Apart from the pictures, every line below is to be set down exactly.

* **DATA SHOWN**:

-.-.-

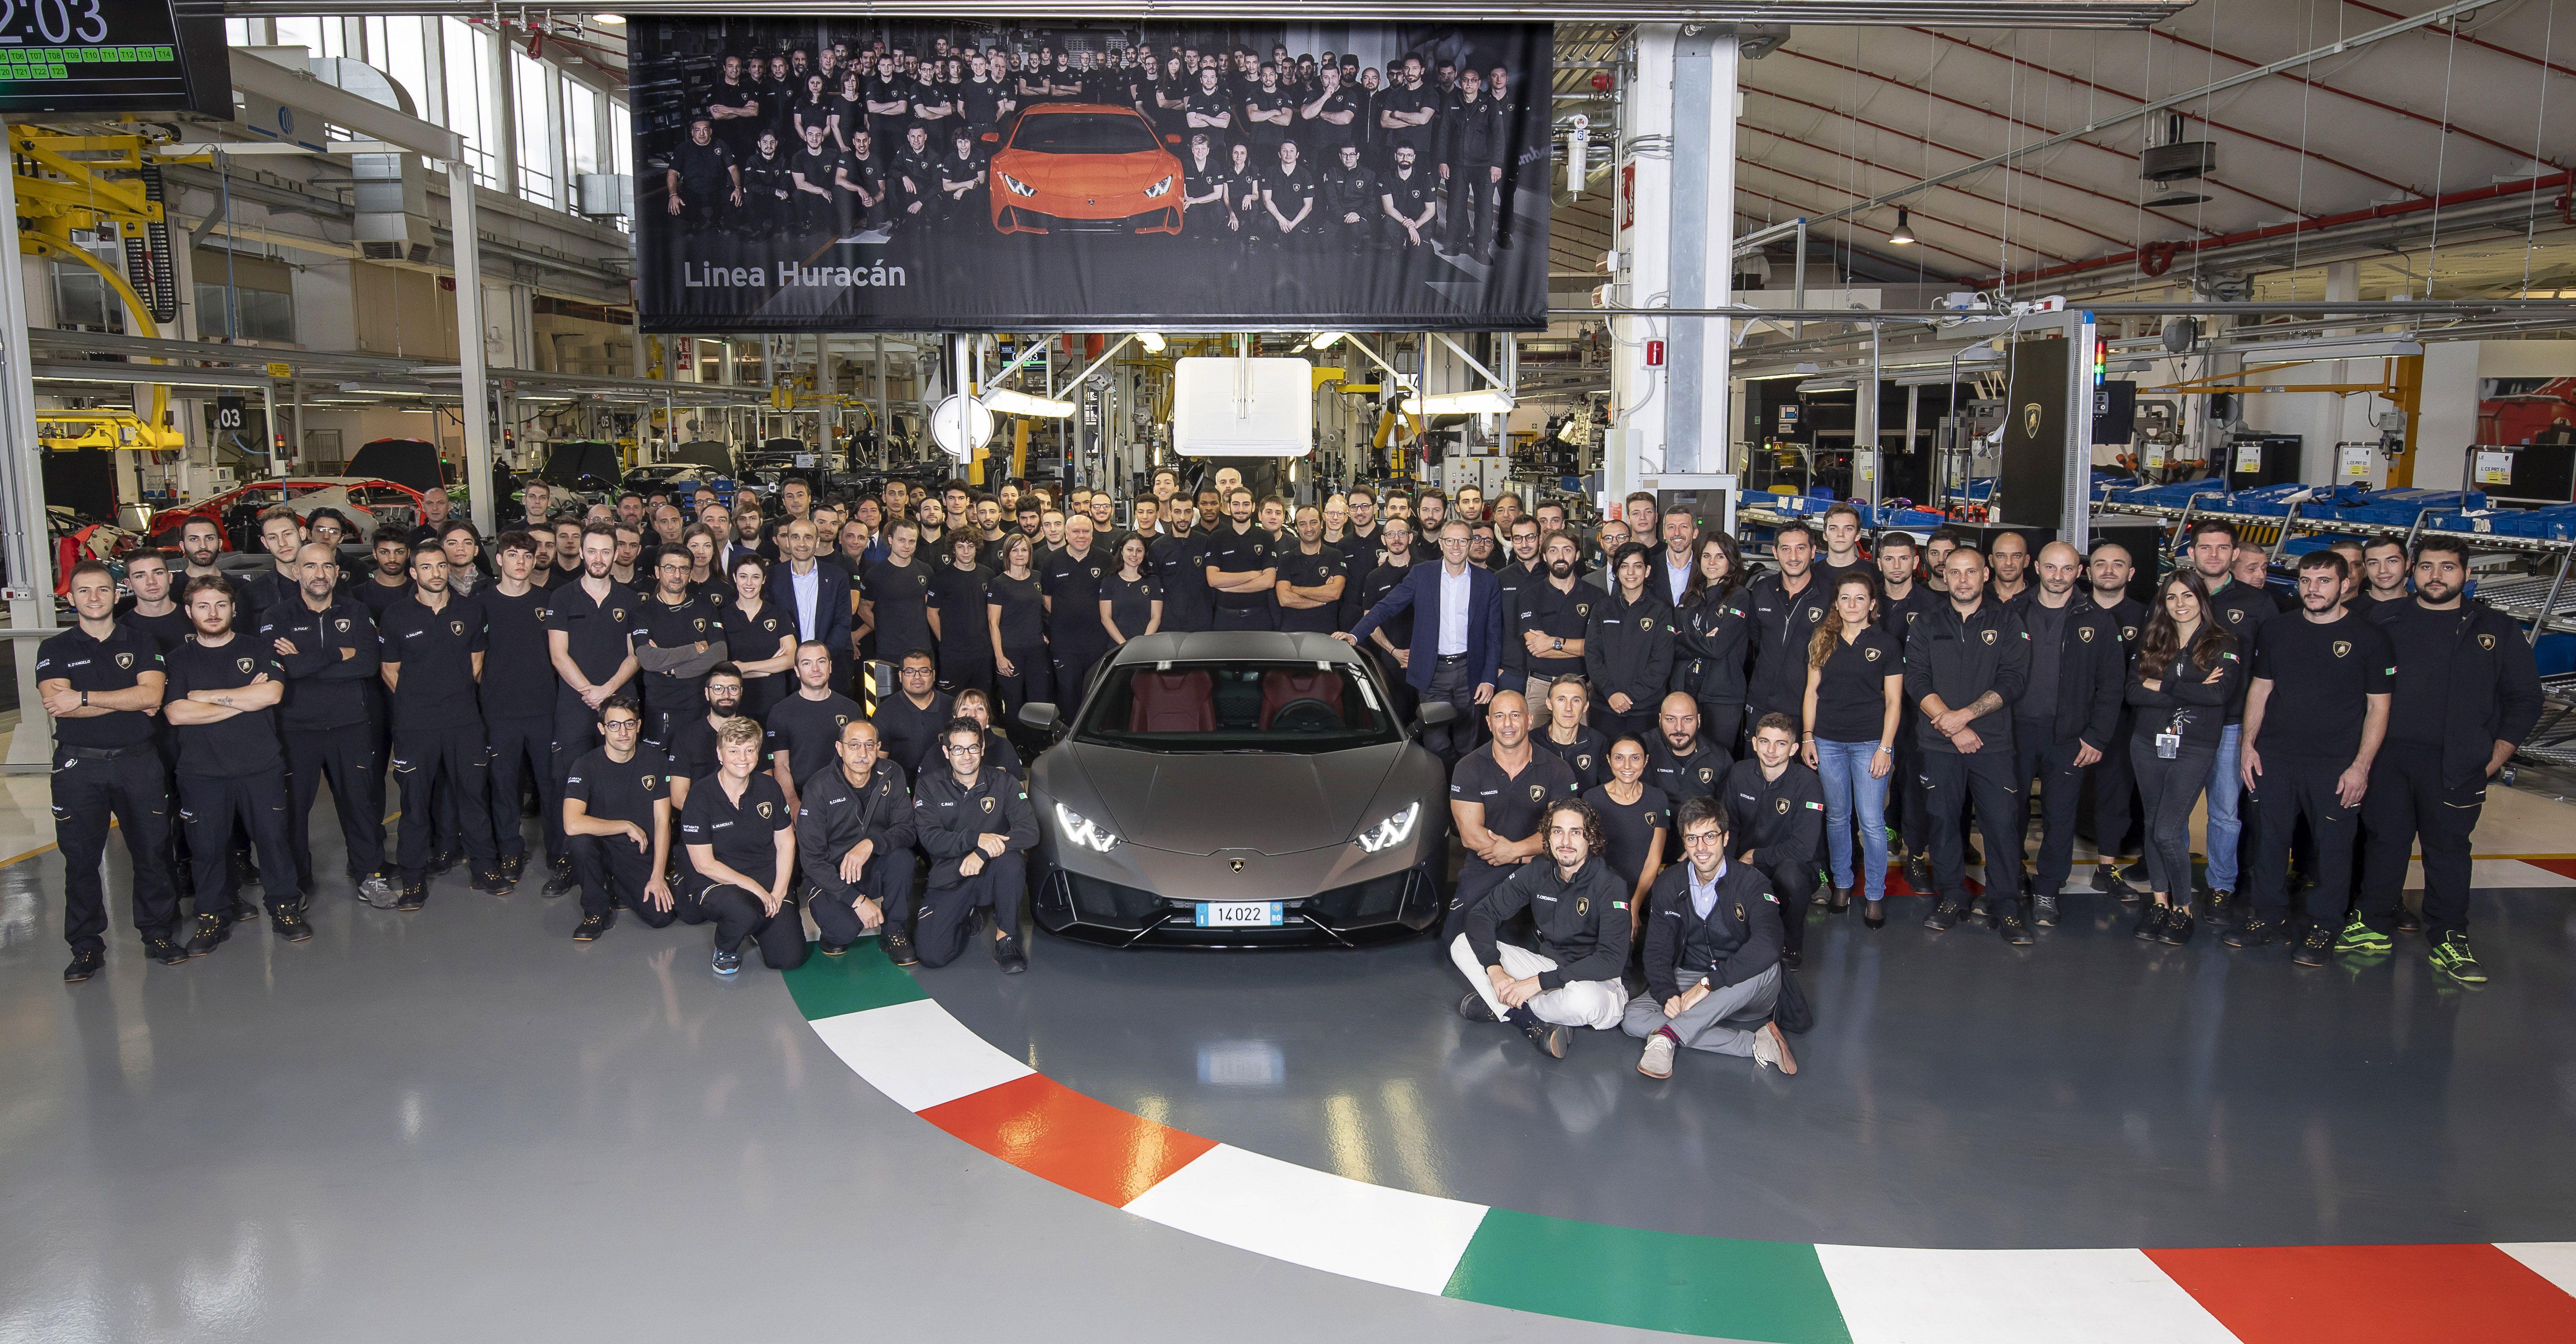 Lamborghini Built 14,022 Huracans in Five Years
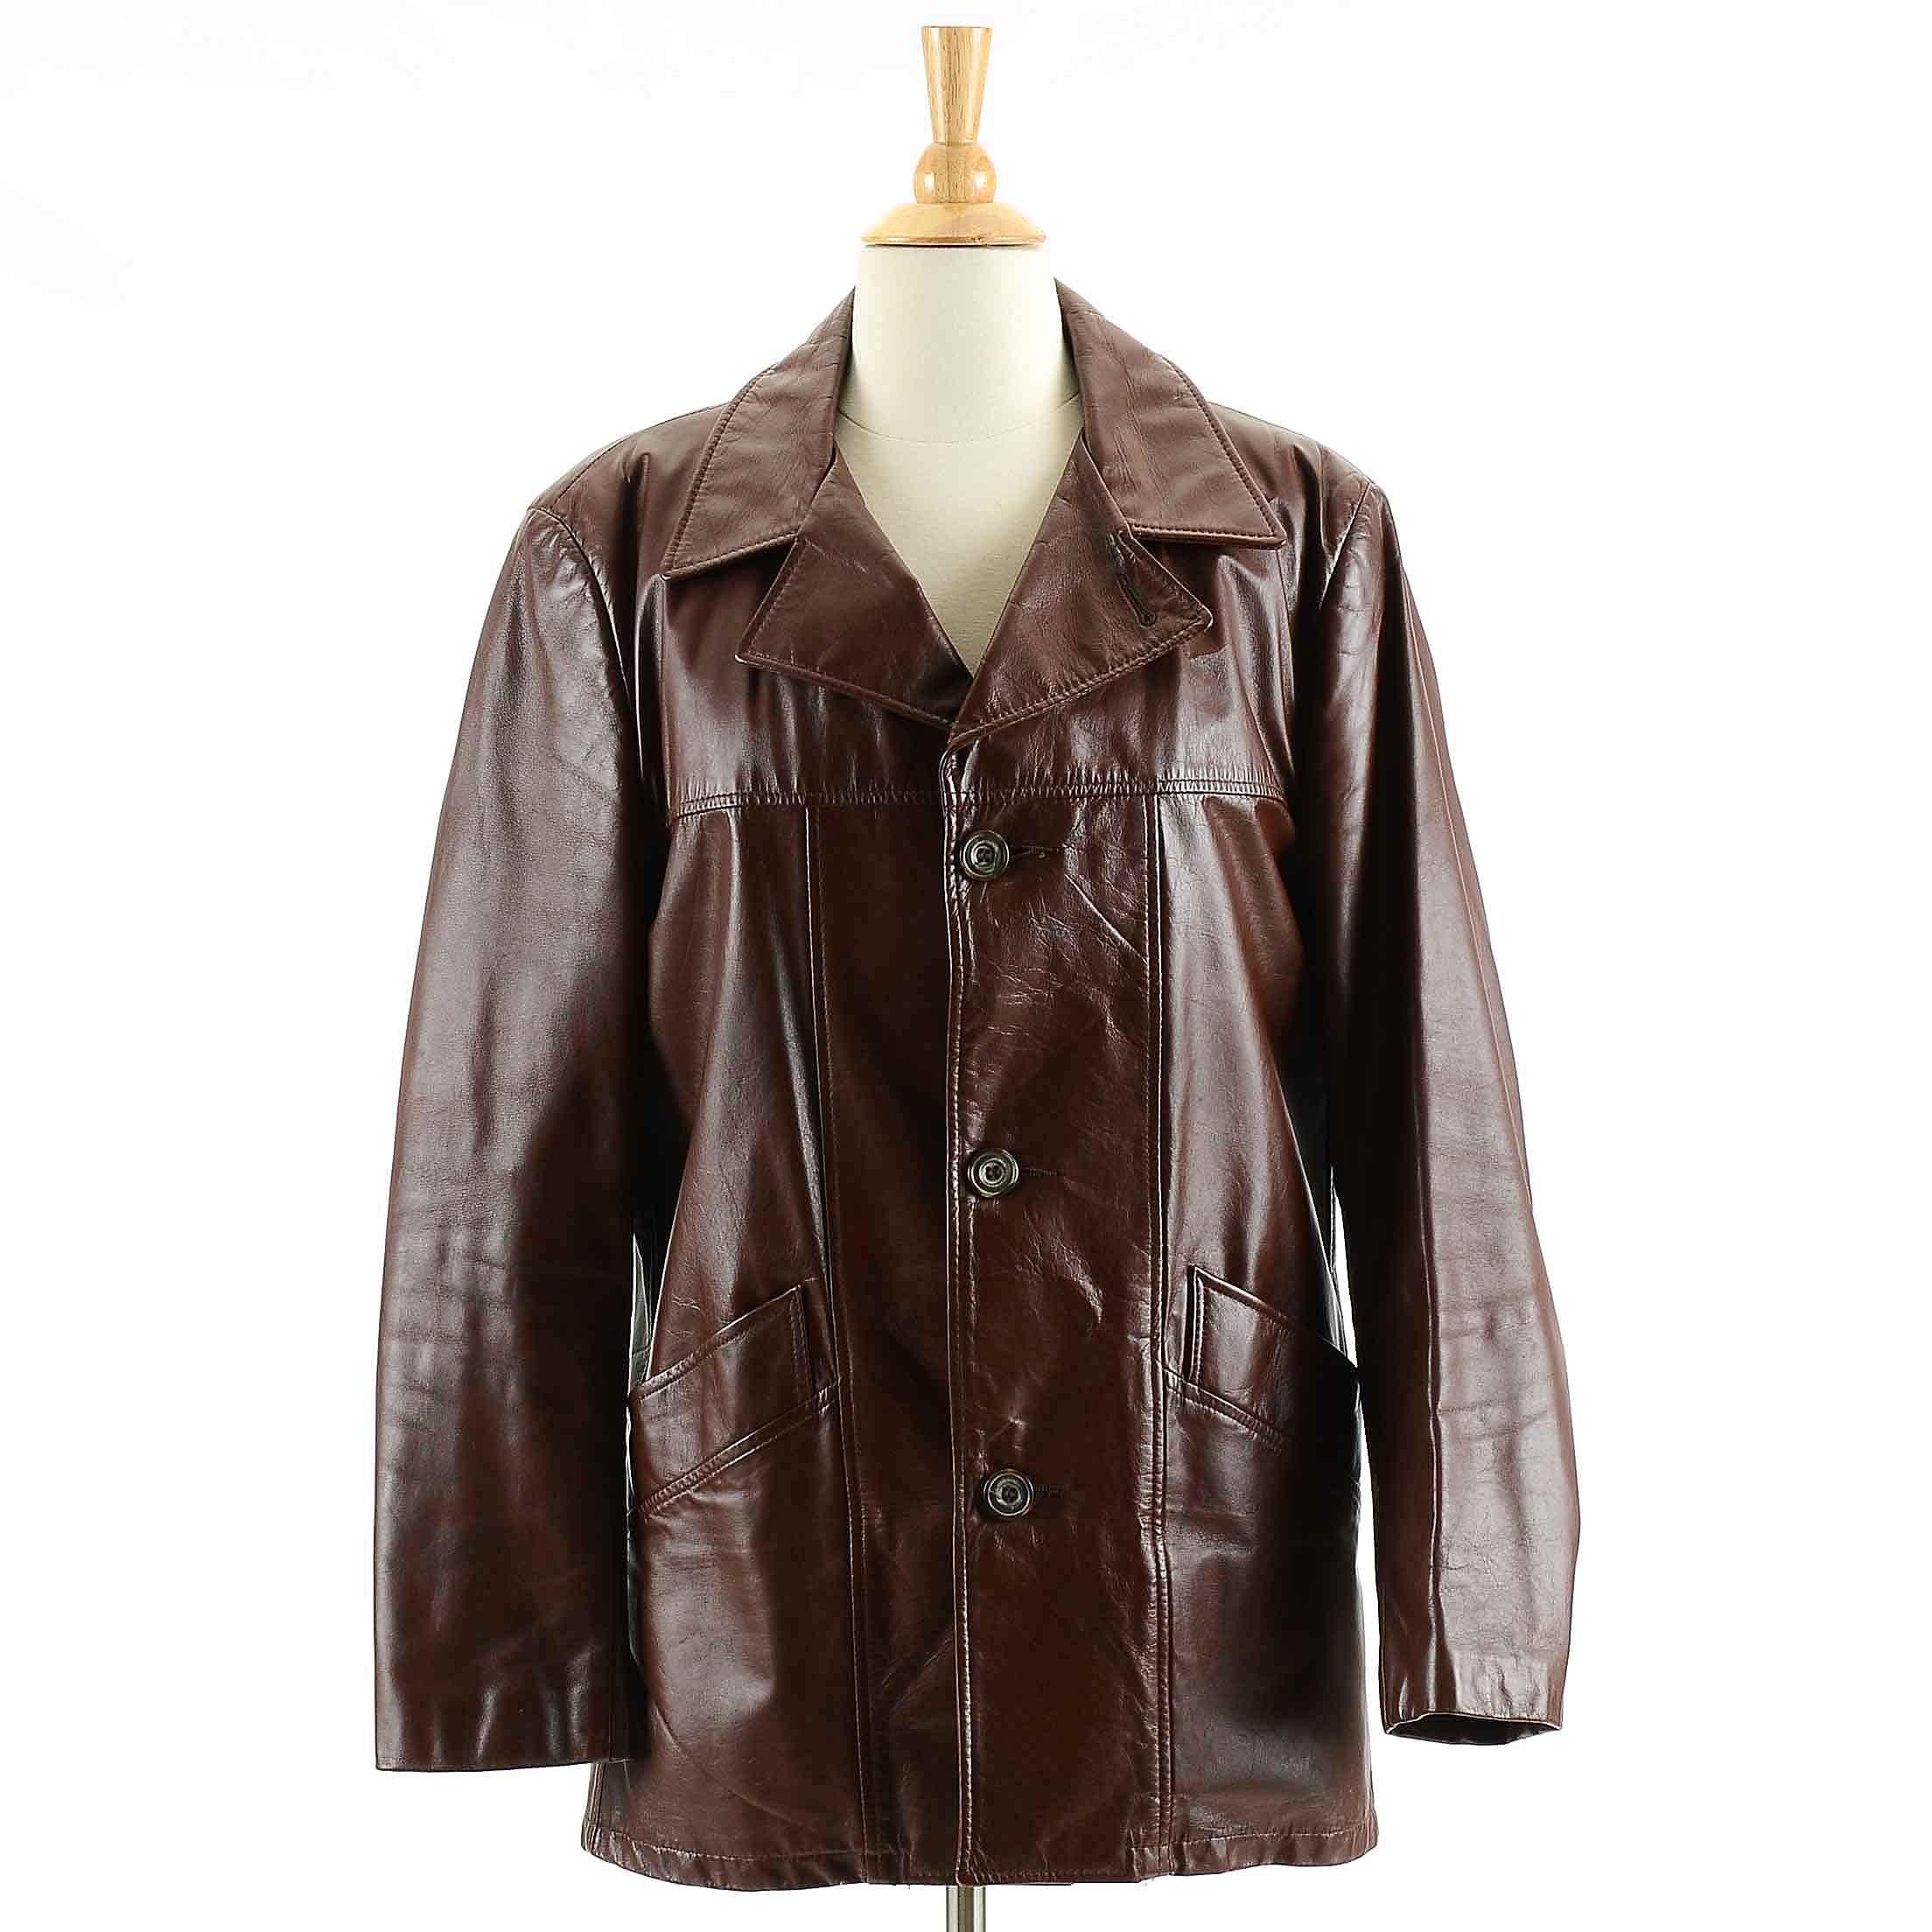 Men's Vintage London Fog Leather Jacket
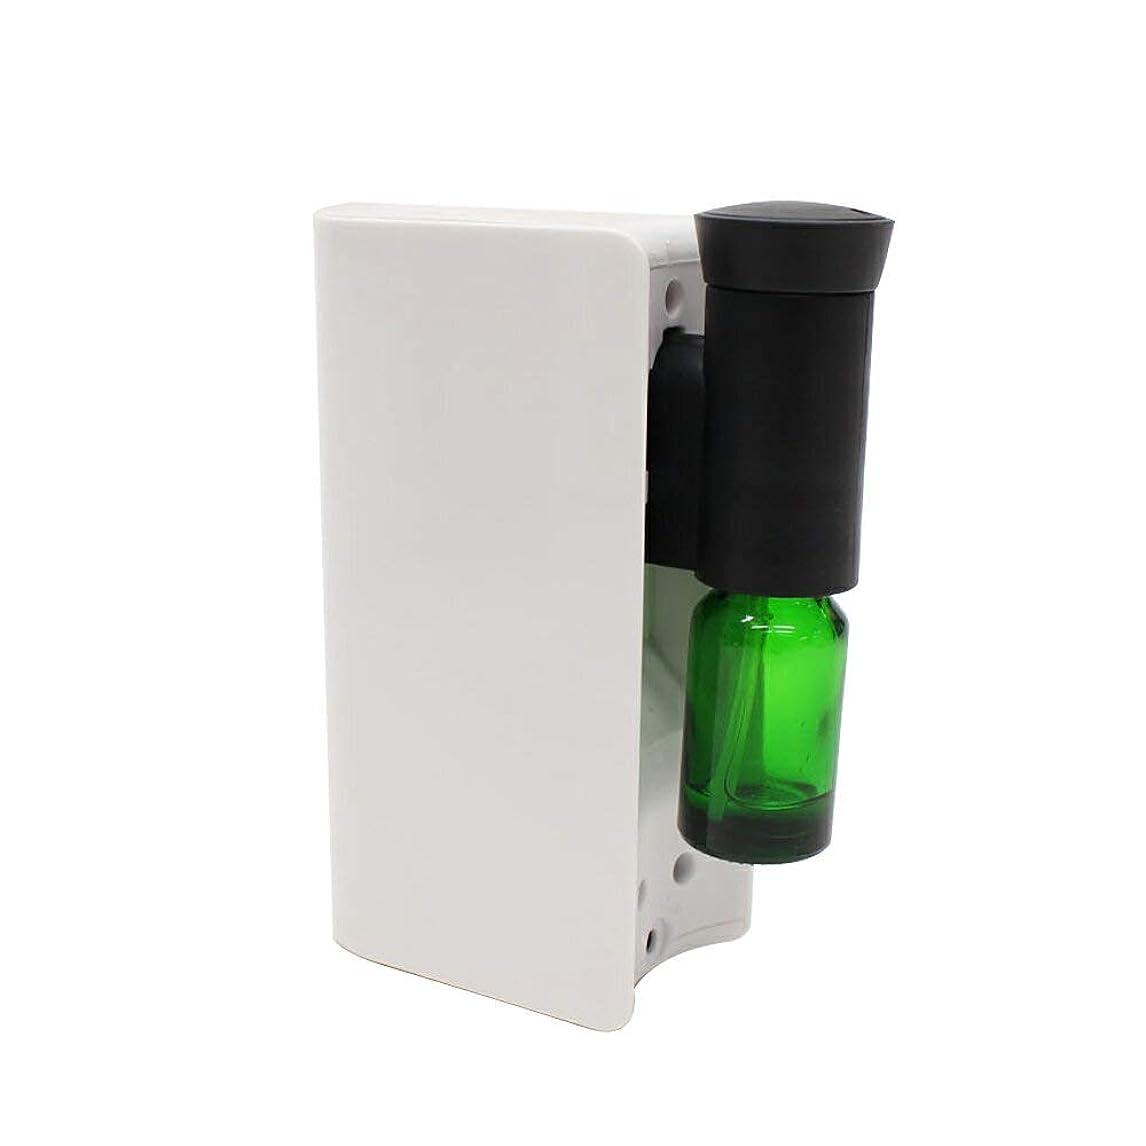 定数薄暗いアパートアロマ ディフューザー 電池式アロマディフューザー 水を使わない ネブライザー式 アロマオイル対応 自動停止 ECOモード搭載 香り 癒し シンプル コンパクト ホワイト

-.-.-

* **EXERCISE RESULT**:
 Lamborghini Built 14,022 Huracans in Five Years
 Men's Vintage London Fog Leather Jacket
 定数薄暗いアパートアロマ ディフューザー 電池式アロマディフューザー 水を使わない ネブライザー式 アロマオイル対応 自動停止 ECOモード搭載 香り 癒し シンプル コンパクト ホワイト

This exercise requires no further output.